> **EXERCISE DIRECTIONS**
Set down precisely the lines from the line with "SAT, Ministerialprotokoller, klokkerbøker" through the end of the material, inclusive, and no pictures.

> **EXERCISE INPUT**
****

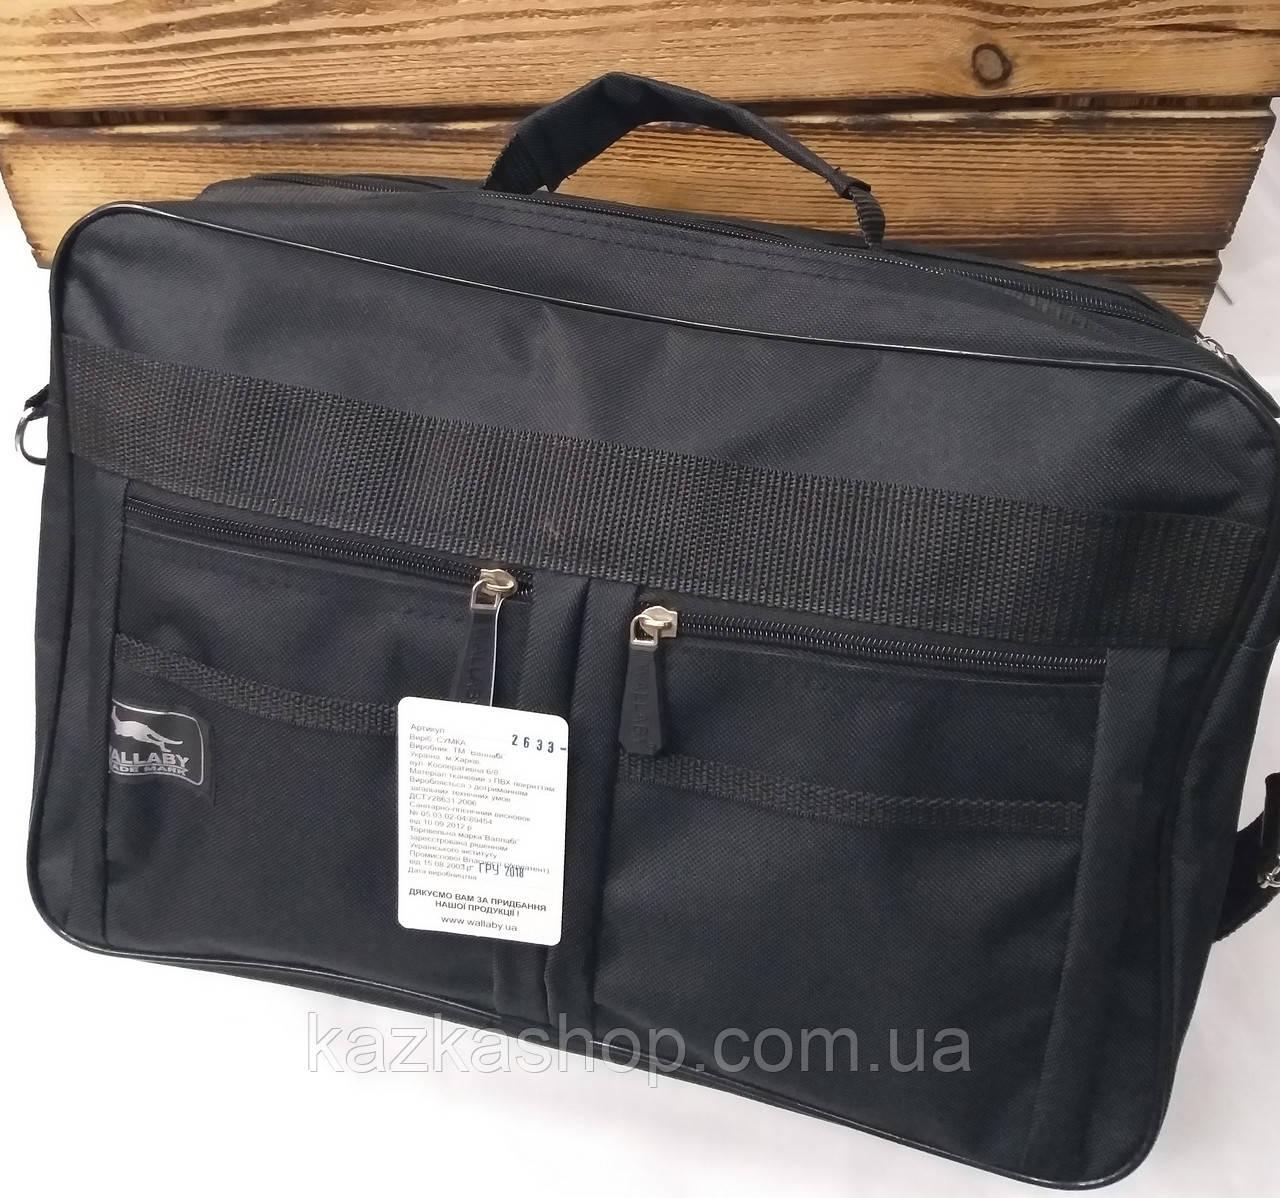 844837f9aca3 Легкая сумка из ткани «жатка» с пропиткой ТМ
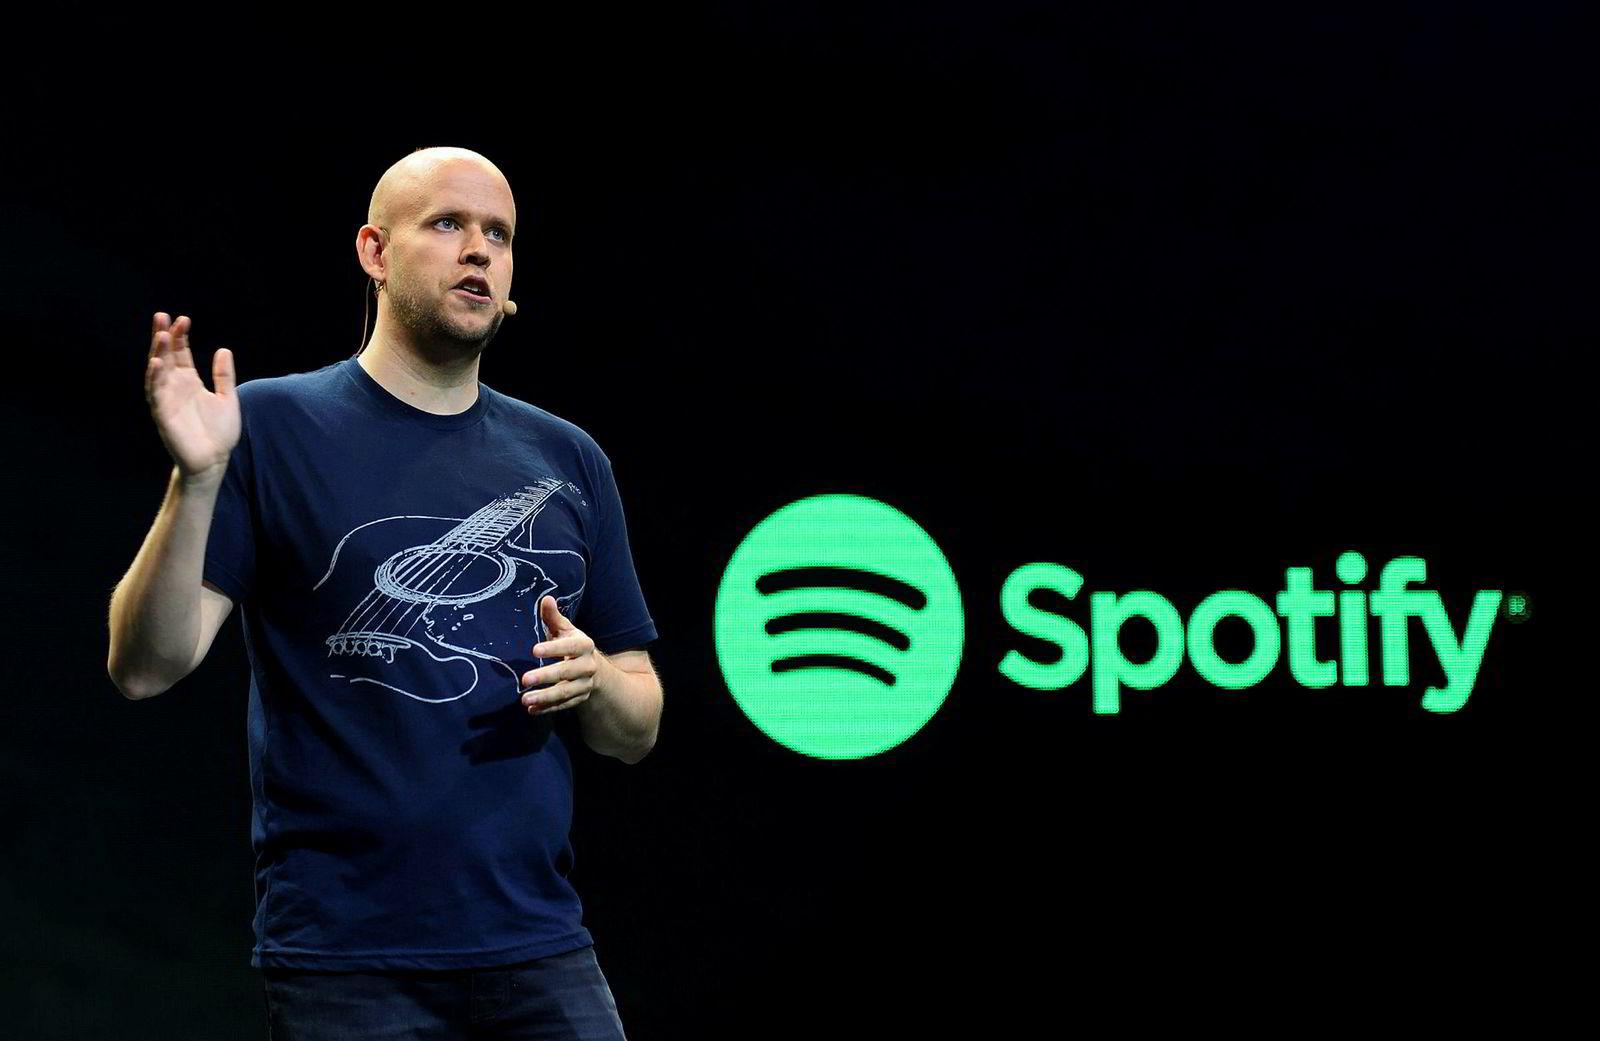 Gründer og toppsjef Daniel Ek i Spotify er steinrik etter børsnoteringen av Spotify.
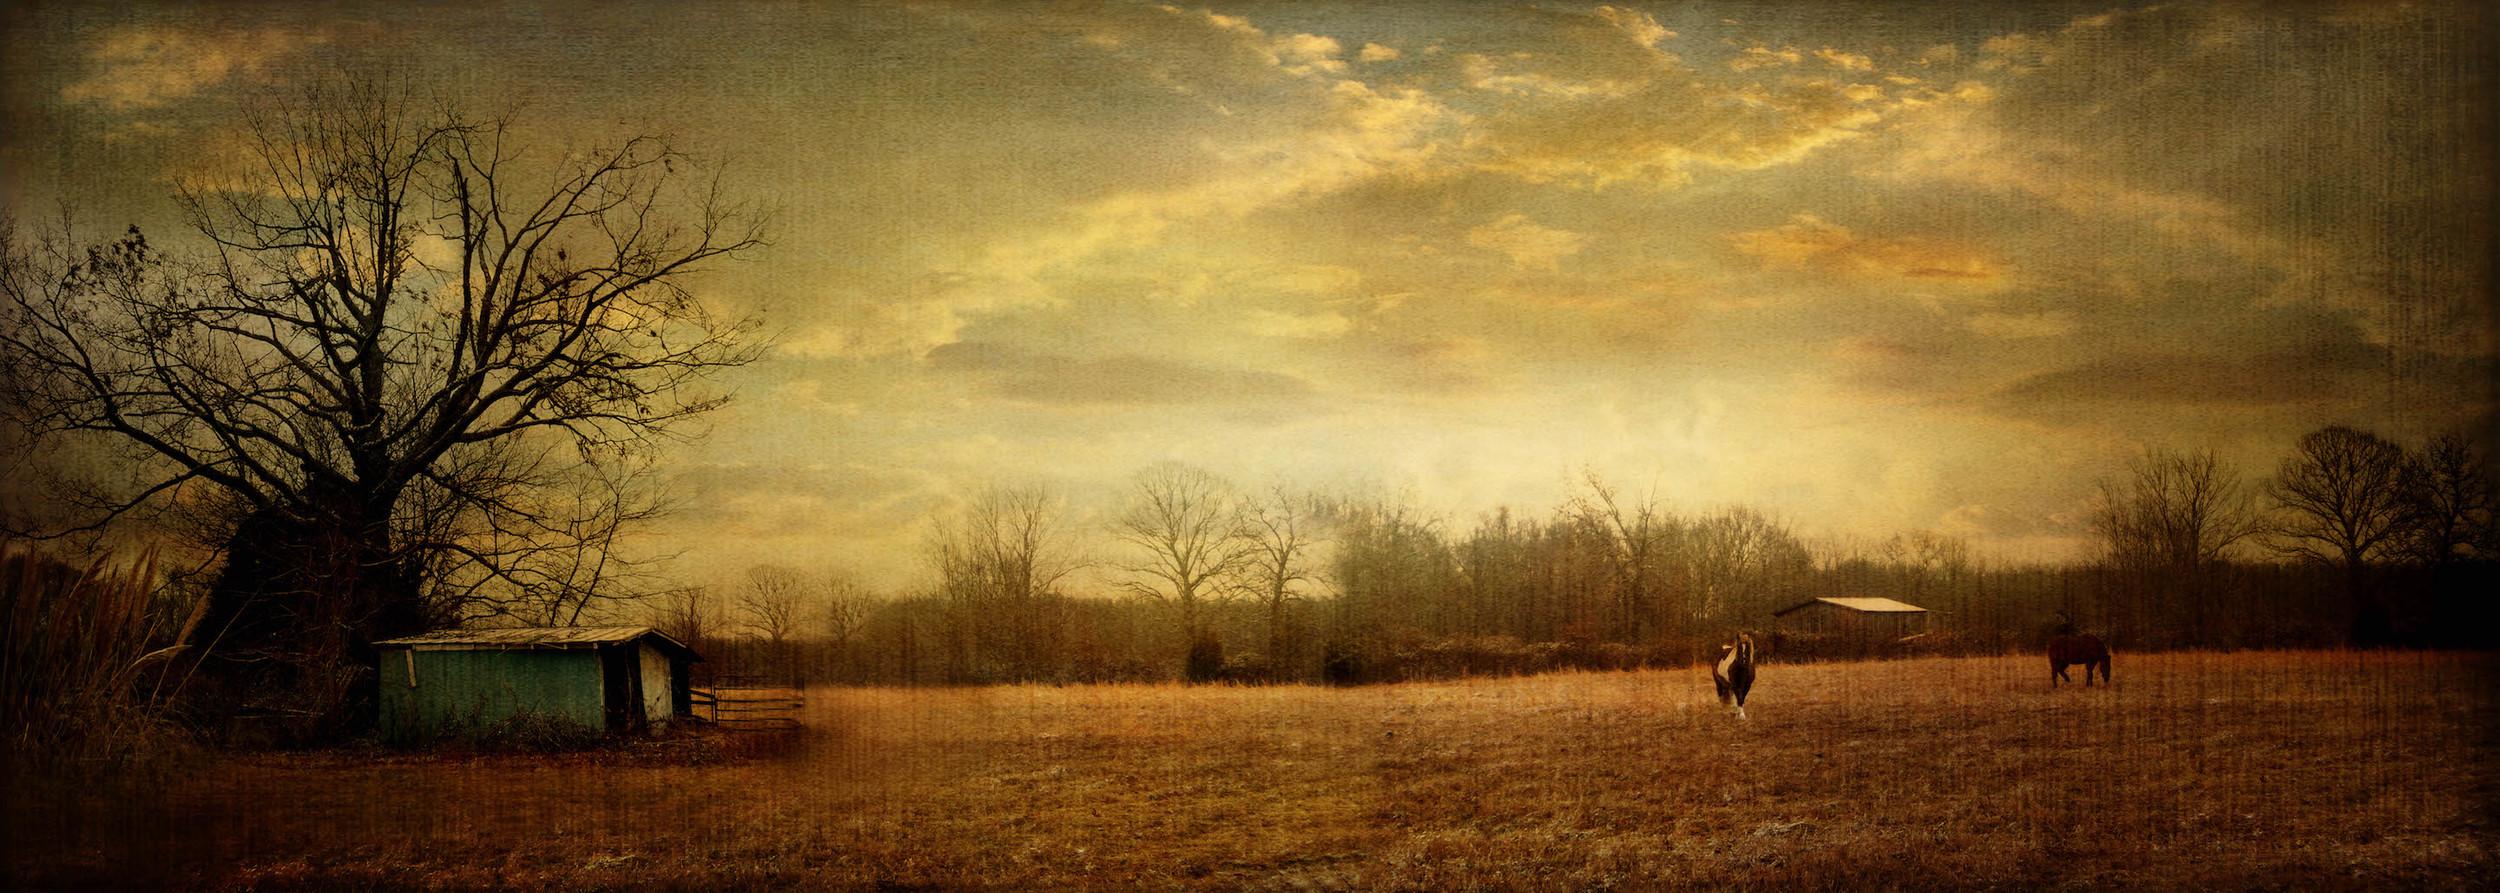 tennessee pasture.jpg
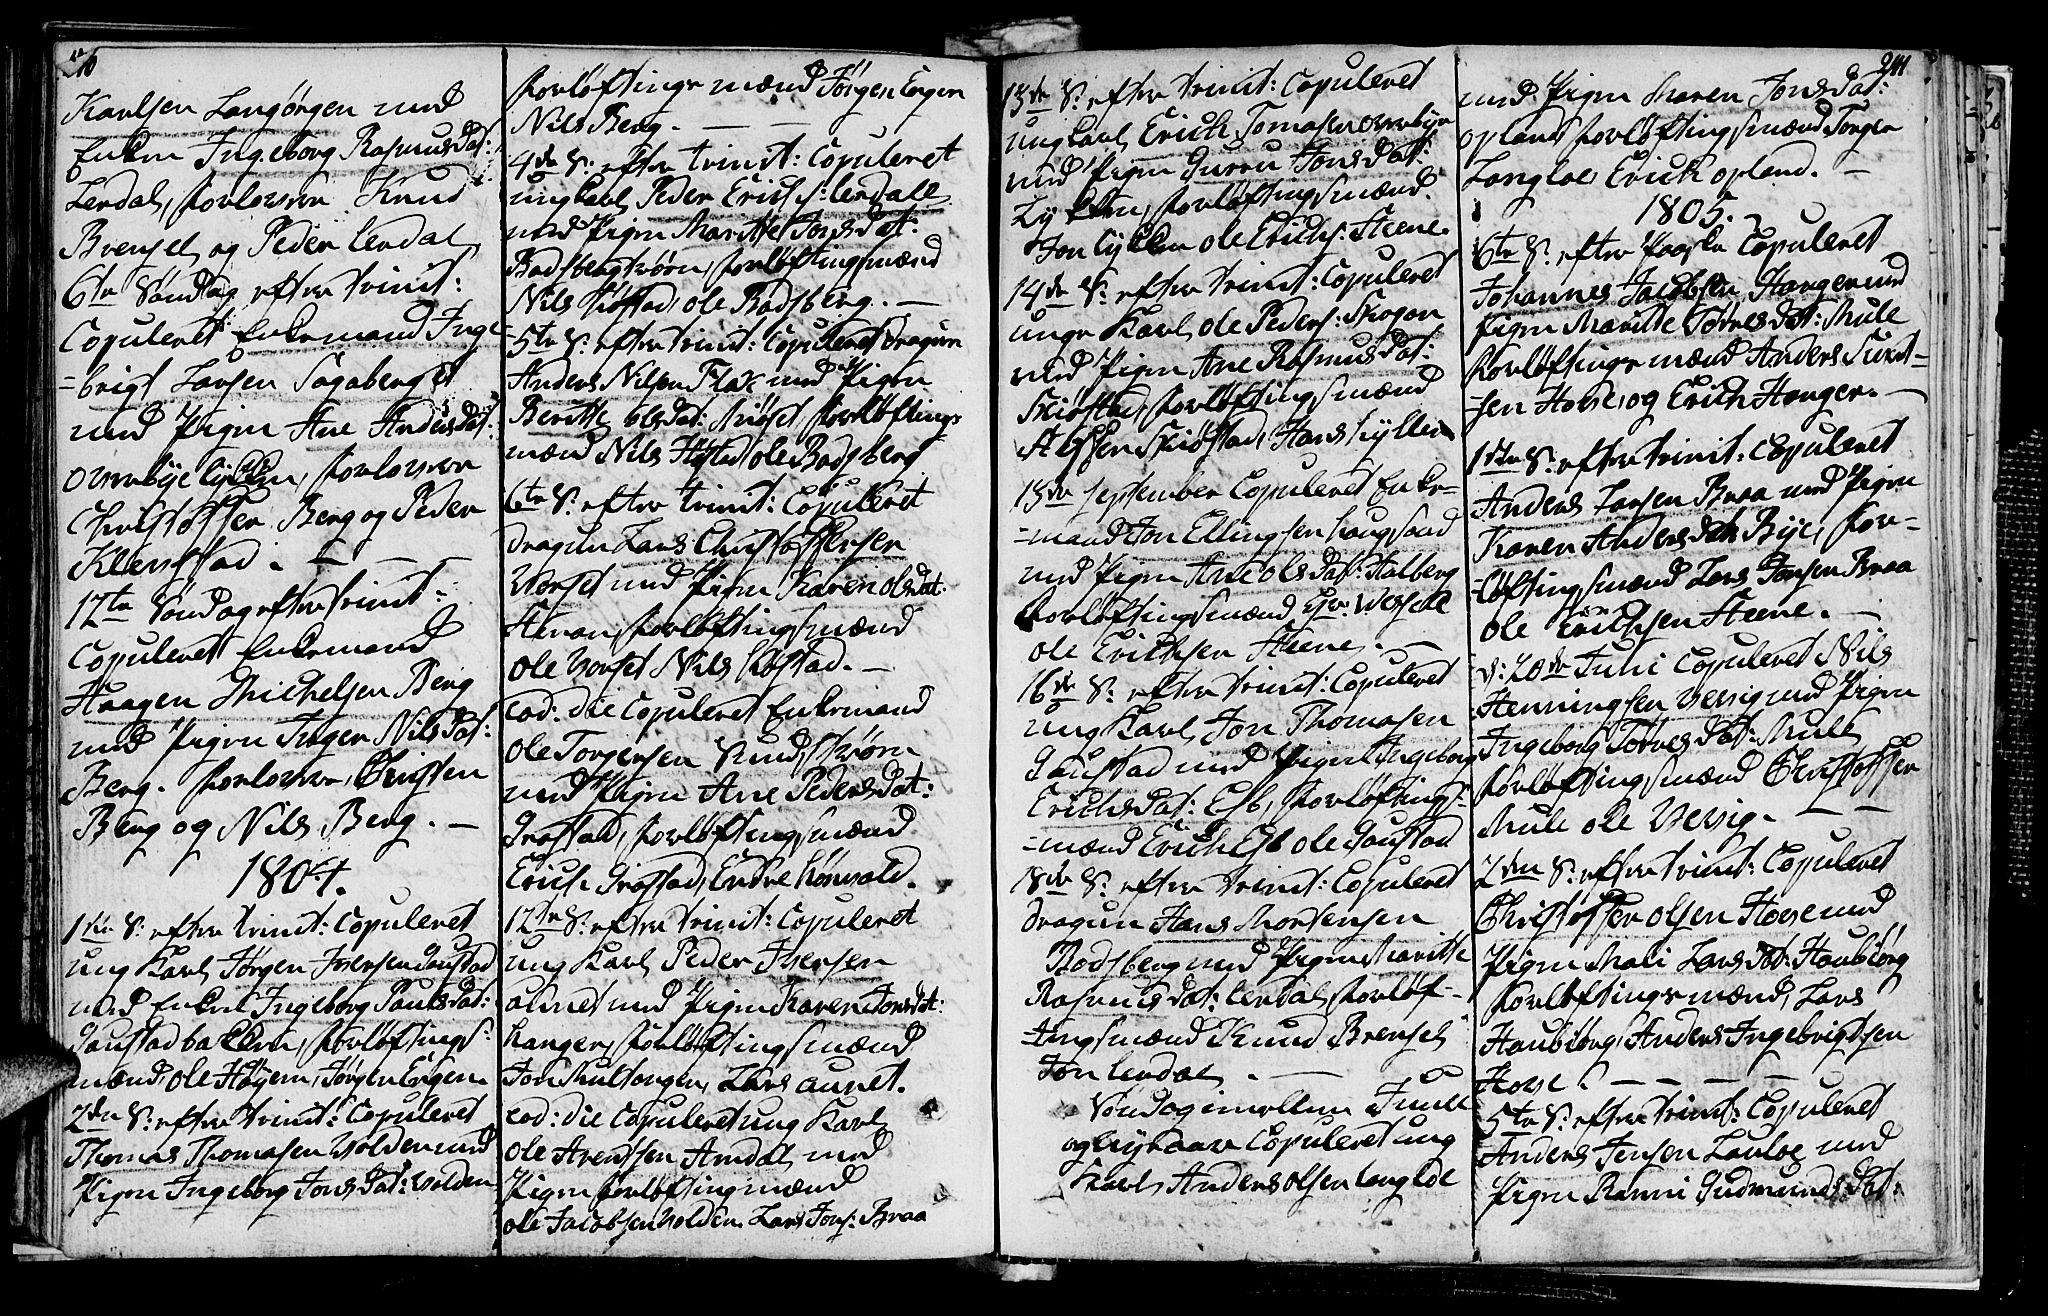 SAT, Ministerialprotokoller, klokkerbøker og fødselsregistre - Sør-Trøndelag, 612/L0371: Ministerialbok nr. 612A05, 1803-1816, s. 240-241
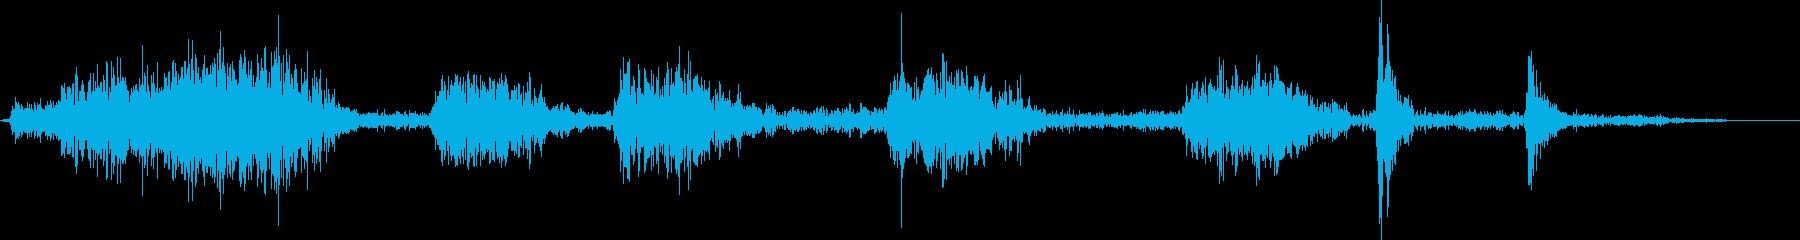 【ゲーム】 火 属性 09の再生済みの波形

****

> **TASK RESPONSE**
 SAT, Ministerialprotokoller, klokkerbøker og fødselsregistre - Sør-Trøndelag, 612/L0371: Ministerialbok nr. 612A05, 1803-1816, s. 240-241
 【ゲーム】 火 属性 09の再生済みの波形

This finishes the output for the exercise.